So with Chelsea, I had a conversation with the full Chelsea team, probably similar to my immediate family and said, “I don't know where this is going. No one does. Let me tell you what I know. Let me tell you what I know our timeline is for us to be able to stay here.”
And I said, “My goal is to keep everyone employed and keep everyone with health insurance.” And I gave them what I thought was an estimate of how long I could guarantee. And I said, “Everything may right itself, and I want to be really honest with you. I don't want you sitting here wondering if your last day at Chelsea is tomorrow. I don't want to put you through that kind of stress. So here's what I can tell you and here's what I can guarantee and here's the timeline for all of you. And when that changes, and when I think it's going to change, I will give you a heads up. So I'm never going to come to any of you and say, tomorrow's your last day. I will give you as much lead time as I'm capable of, and the only thing I can guarantee is that I will be honest with you. But I cannot guarantee where this is going or that my company or anybody's company is going to survive.” And everybody rallied. They were like, “Great. That sounds… we're in.”
Charles: (40:38)
What did you do with the time, because suddenly you had no work, right? There was a company filled with talented people who had ostensibly very little or nothing to do in many cases. What did you do with the time until work came back?
Lisa Mehling: (40:52)
I had a hunch and we decided just to give it a go. We had two young people who had been offered jobs before the pandemic, and they both were going to work in the New York office. And in the time in which they accepted their jobs and were to start at Chelsea, the pandemic kicked off, it was probably a two, three week period. And so there we were, their first days on the job were coincidentally the same days. They didn't know each other. And it was the first day of lockdown. And so, on the Friday before, we had to call them and say, “We're so sorry, but no one's coming to the office.” And I had a conversation with myself and with a couple of the execs and we talked about, “Wow, we hired these people, well, we obviously don't need their services because we can't work.” And I just said, “There is no way we're terminating them or telling them they don't have a job. We're just not going to do that. So we don't know them and they don't know us, but they're part of the team and we'll figure something out.”

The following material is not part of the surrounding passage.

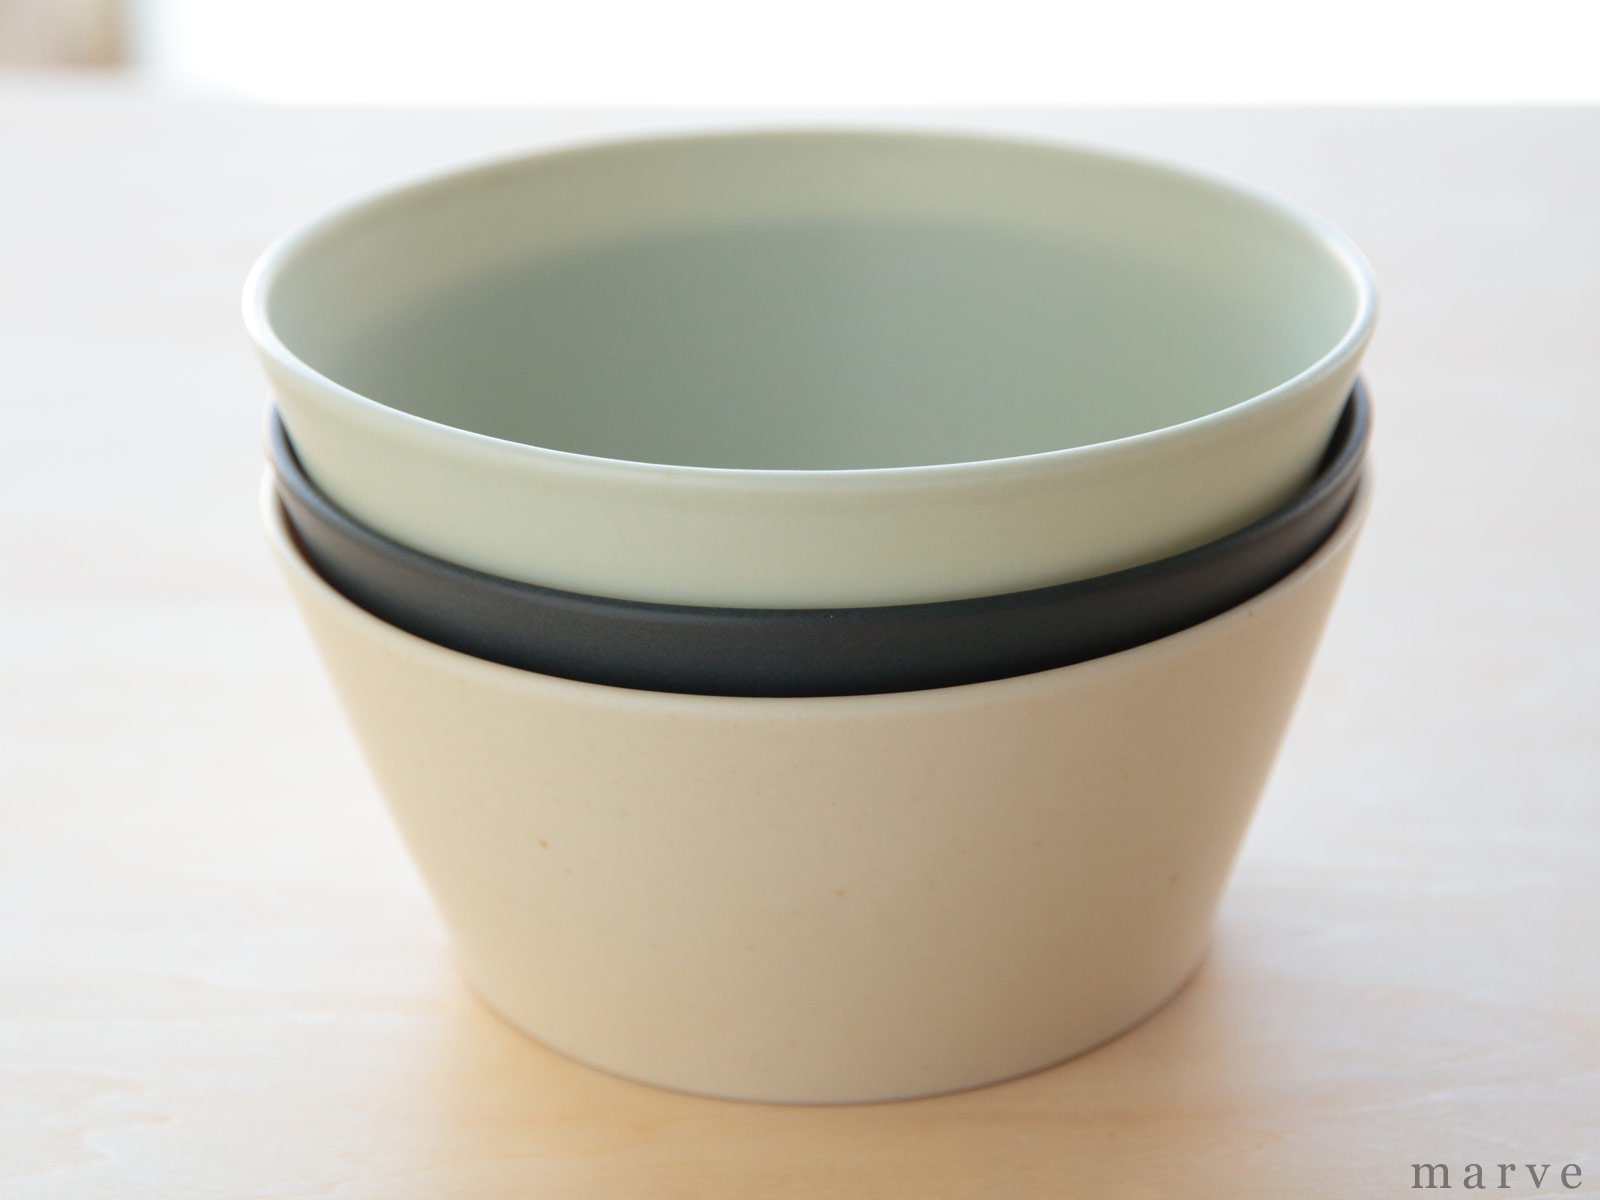 KANEAKI SAKAI POTTERY flat bowl　コバルト

So we didn't share that with them. We basically just said, “Monday's your first day at work. And you'll be working from home, make sure you have internet, here's what we're going to do.” And one of them, her name is Sammy, she had just graduated college. Her parents had driven her across the country to move her into her new apartment. She arrives to two roommates that she had not met before, and they basically were packing up and leaving to go to their home base. And so she was sitting in Bushwick, New York in an empty apartment by herself. She'd never lived here and the pandemic was in full force.

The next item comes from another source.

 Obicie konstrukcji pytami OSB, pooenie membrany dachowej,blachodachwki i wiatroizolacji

So we really thought so much about her and thought, what can we do? And such levels of personal anguish and stress and hardship, that without being incredibly thinking it through, the first thing we did was we rallied around Sammy. And so we kicked off a series of midday and end-of-day group Zooms. So we said, well, at the very least, let's get on, support Sammy sitting by herself who knows no one in this city, doesn't crack. So we just started showing up for Sammy. And then of course, everyone was showing up for each other. We all needed it.
The first couple of weeks was a version of checking in with each other and trying to process what was going on. Obviously, talking about business and what we can do and what we couldn't do. Very early on, it was realized that things could be made, the drop kits, directors who could work with archival. We have a number of talented documentarians who could work that way. So we started to piece together what we could maybe do if we found the opportunity and we started to talk to our agency friends who were reaching out, really intent on finding out who could do what, and how would you do it. We were very focused on whatever form of business we could possibly still be in. And then we were spending a lot of time together on Zoom talking about that, and then just also talking about checking in on each other.

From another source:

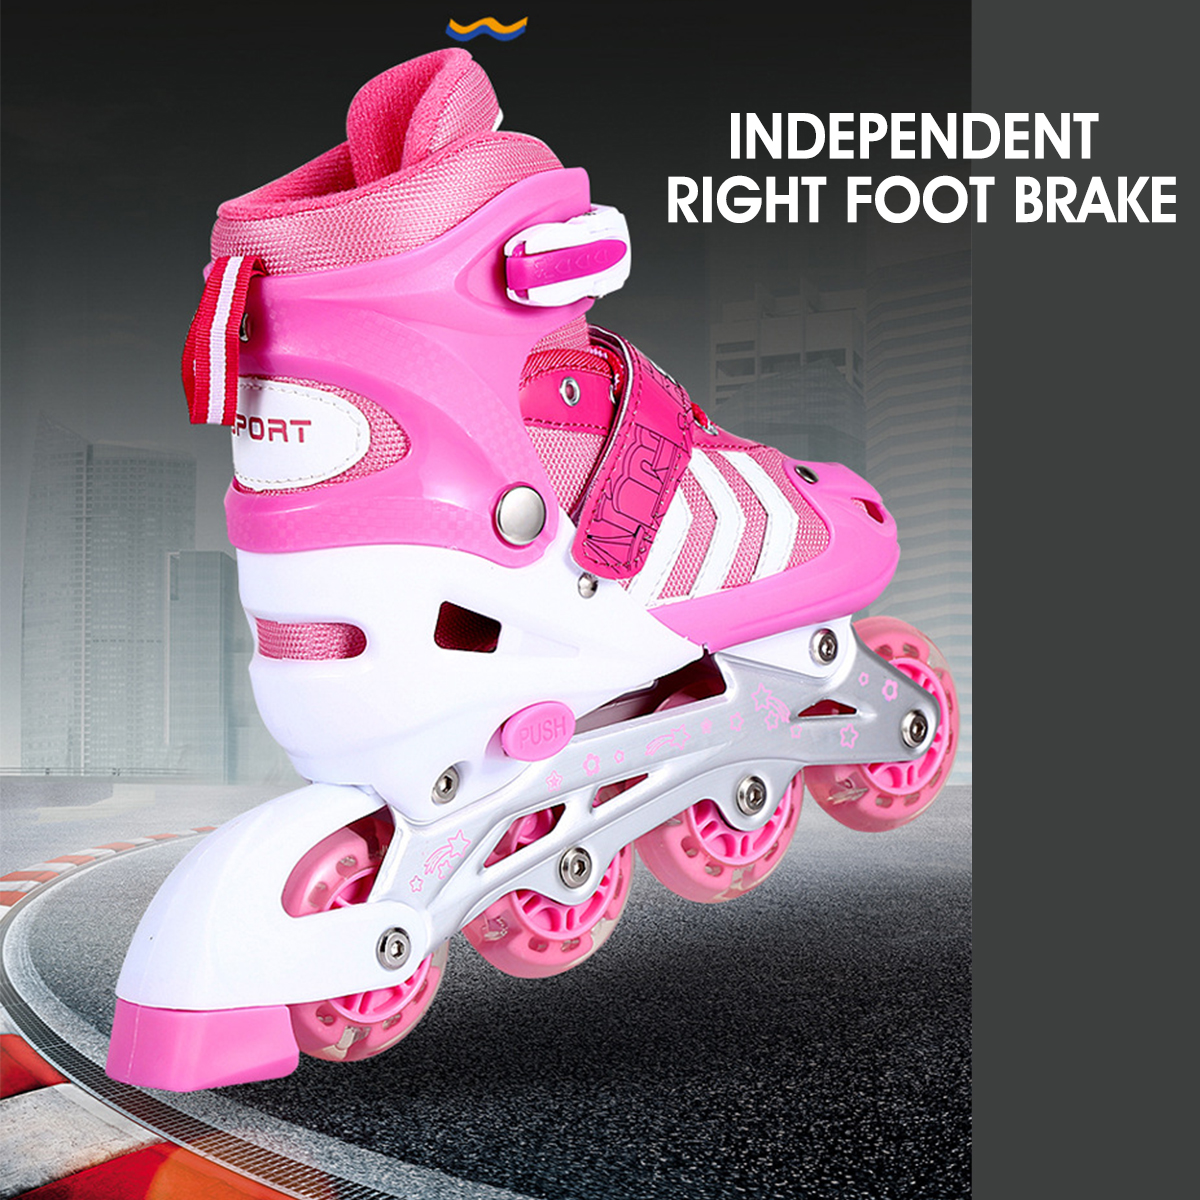 SML-Inline-Skates-with-4-LED-PVC-Skate-Wheels--Entry-level-Kid-Women-Men-Roller-Skates-Birthday-Gift-1808954-5
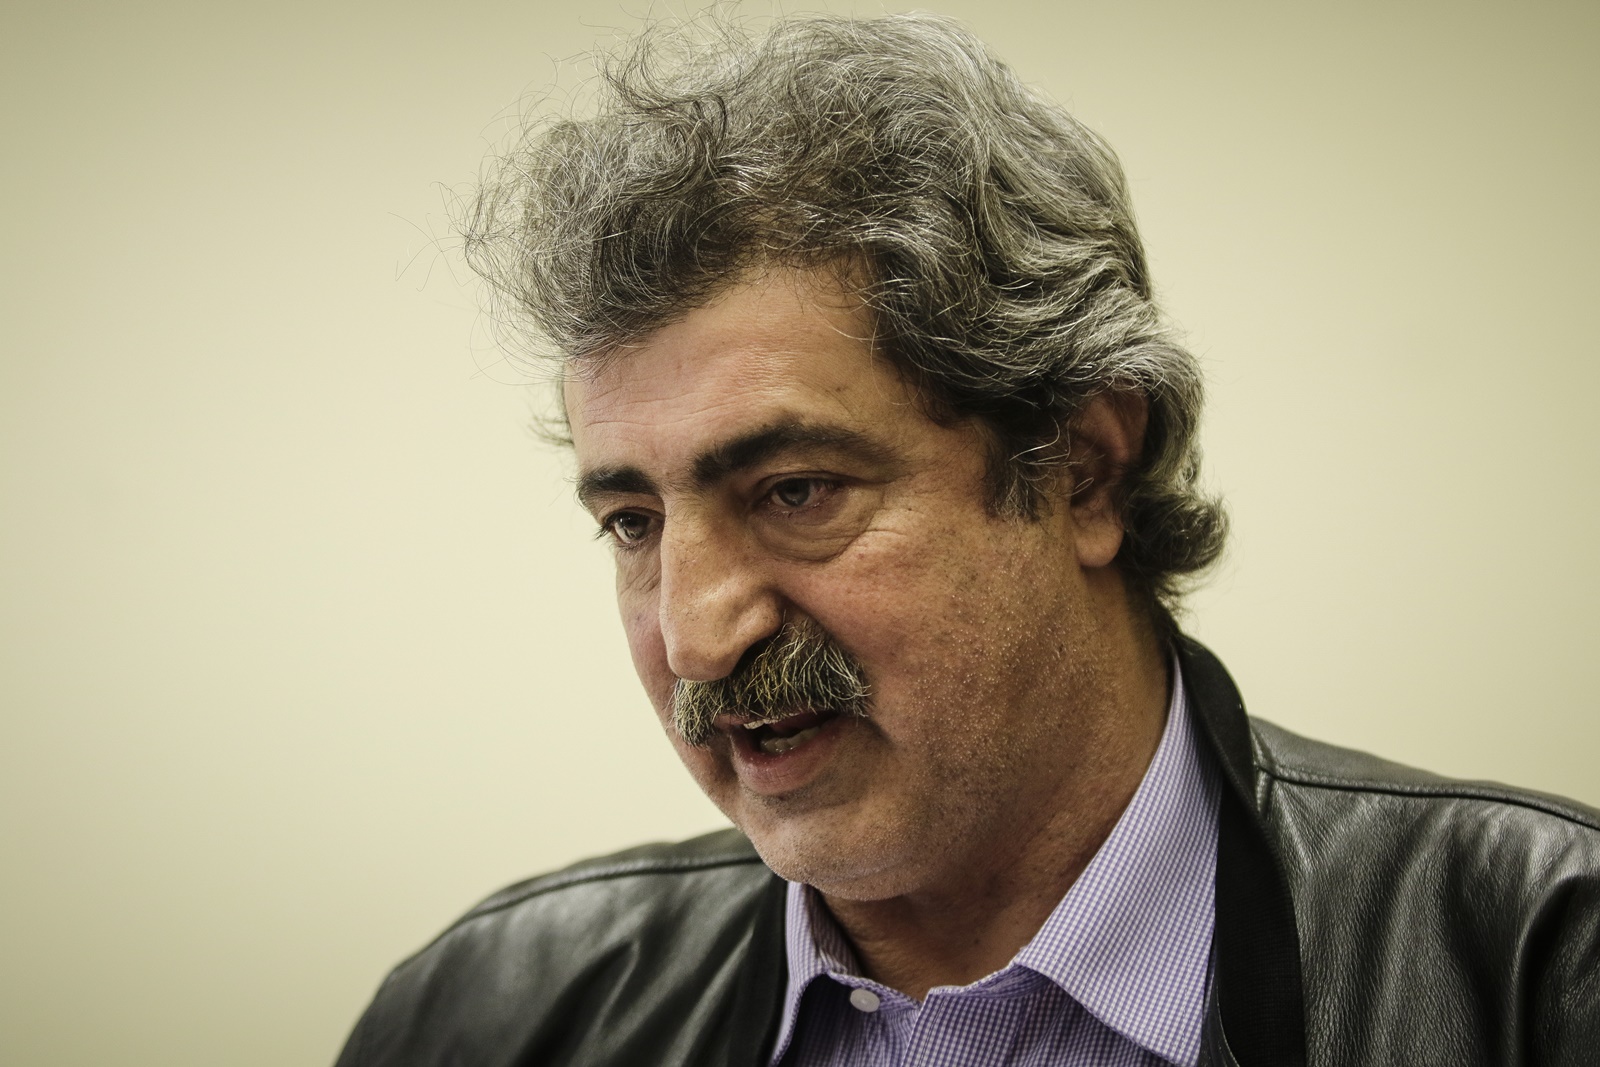 Λακοπουλος για Πολάκη: «Ο ηγέτης οφείλει να προφυλάσσει το κόμμα του και από τους σαλεμένους»

So 10 days, two weeks of that, we decided, well, let's get down to business. As I said to my team, “Again, I don't know how long I can keep you employed, but why don't we focus on giving all of you as much learning or knowledge as we possibly can so that if this ends, at least you've taken on new skills.” And so we set up kind of a mock syllabus of all the components of the industry, and we would have a group session and the person who was most knowledgeable about whatever we were discussing would come and talk about it. And it would turn into just a round table, open discussion about that thing. So our CFO came and presented a balance sheet, here's receivables, here's payables, here's how they come in, this is what it looks like, here's how expenses get calculated. He gave you like a 101 on bookkeeping, and they could all ask questions.
There were breakdowns of contracts that we engage with on our projects. This is what a contract looks like. Here's what we look for. Here's where there's variations. Here's some of the real-time ramifications, if you agree to such-and-such payment terms. We would talk about what payment terms meant. We had the reps come on and talk about what it is to represent directors and how they started and what they do. We had pretty much each director come on and talk about their development as a filmmaker, where they started, what they're passionate about, what was their trajectory. For those that had features or television series, we launched what we called the film clubs. So we'd watch the film and then the director would come on and tell us as a group about the making of the film.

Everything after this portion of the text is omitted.